For loops with per-iteration variables
David-Sarah Hopwood
david.hopwood at industrial-designers.co.uk
Mon Oct 13 21:27:24 PDT 2008
David-Sarah Hopwood wrote:
> David-Sarah Hopwood wrote:
>> Mark S. Miller wrote:
>>> [...] I recommend the per-iteration view. If we can
>>> agree quickly on per-iteration, then
>>>
>>> for (const x = ...) {...x...}
>>>
>>> should be allowed in ES3.1 (whether or not const hoists to block
>>> start). After ES3.1
>>>
>>> for (const i :T[i] = ...) {...; a[i] = function(){...i...}; ...}
>>>
>>> would then mean what it should mean. Cool.
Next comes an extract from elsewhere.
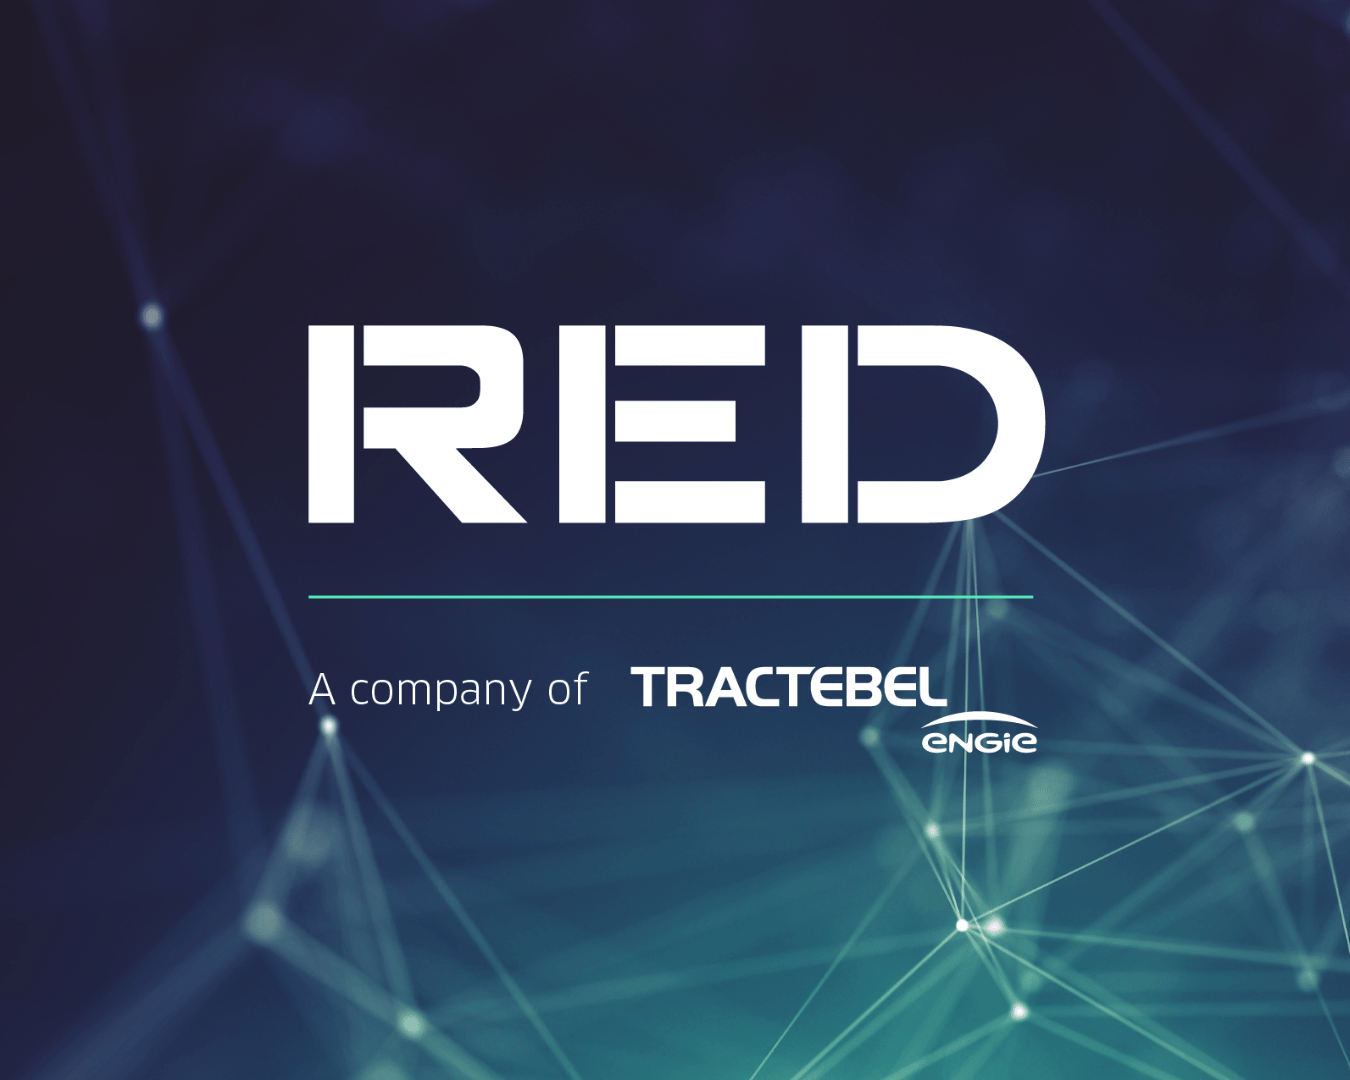 RED Engineering Design Unveils Refreshed Corporate Identity and Aligns with Parent Company, Tractebel

>> Not so fast :-) Consider:
>>
>> for (let i = 0; i < 10; i++) { ... }
>>
>> In the "i++", which iteration's 'i' is the LeftHandSideExpression
>> referring to? Or does this expand to something like:
>>
>> let ($i = 0) {
>> for (;
>> let (i = $i) {i < 10};
>> let (i = $i) {{i++;} $i = i;}} {
>> let (i = $i) {...};
>> }
>> }
>>
>> ?
>
> This expansion is wrong for the case where the body updates i.
> I'll have to think about it some more.
MarkM is right that it just falls out of the natural tail-recursive
encoding of a for loop. I got the above expansion wrong by trying to do
it imperatively, which was silly -- the tail-recursive expansion is much
simpler:
for (let i = initExpr; condExpr; updateExpr) { body }
==>
{ let ($loop = lambda(i) {
if (condExpr) {
{ body } (updateExpr); $loop(i);
}
}) { $loop(initExpr); } }
or, to handle break and continue properly given an 'escape' construct
that works similarly to that in E, something like:
label: for (let i = initExpr; condExpr; updateExpr) { body }
==>
{ let ($loop = lambda(i) {
escape {
if (condExpr) {
{ body } (updateExpr); $loop(i);
}
} catch ['break', label] {}
catch ['continue', label] {(updateExpr); $loop(i);}
}) { $loop(initExpr); } }
This also straightforwardly generalizes to multiple variables.
I withdraw the contention that it is too magical.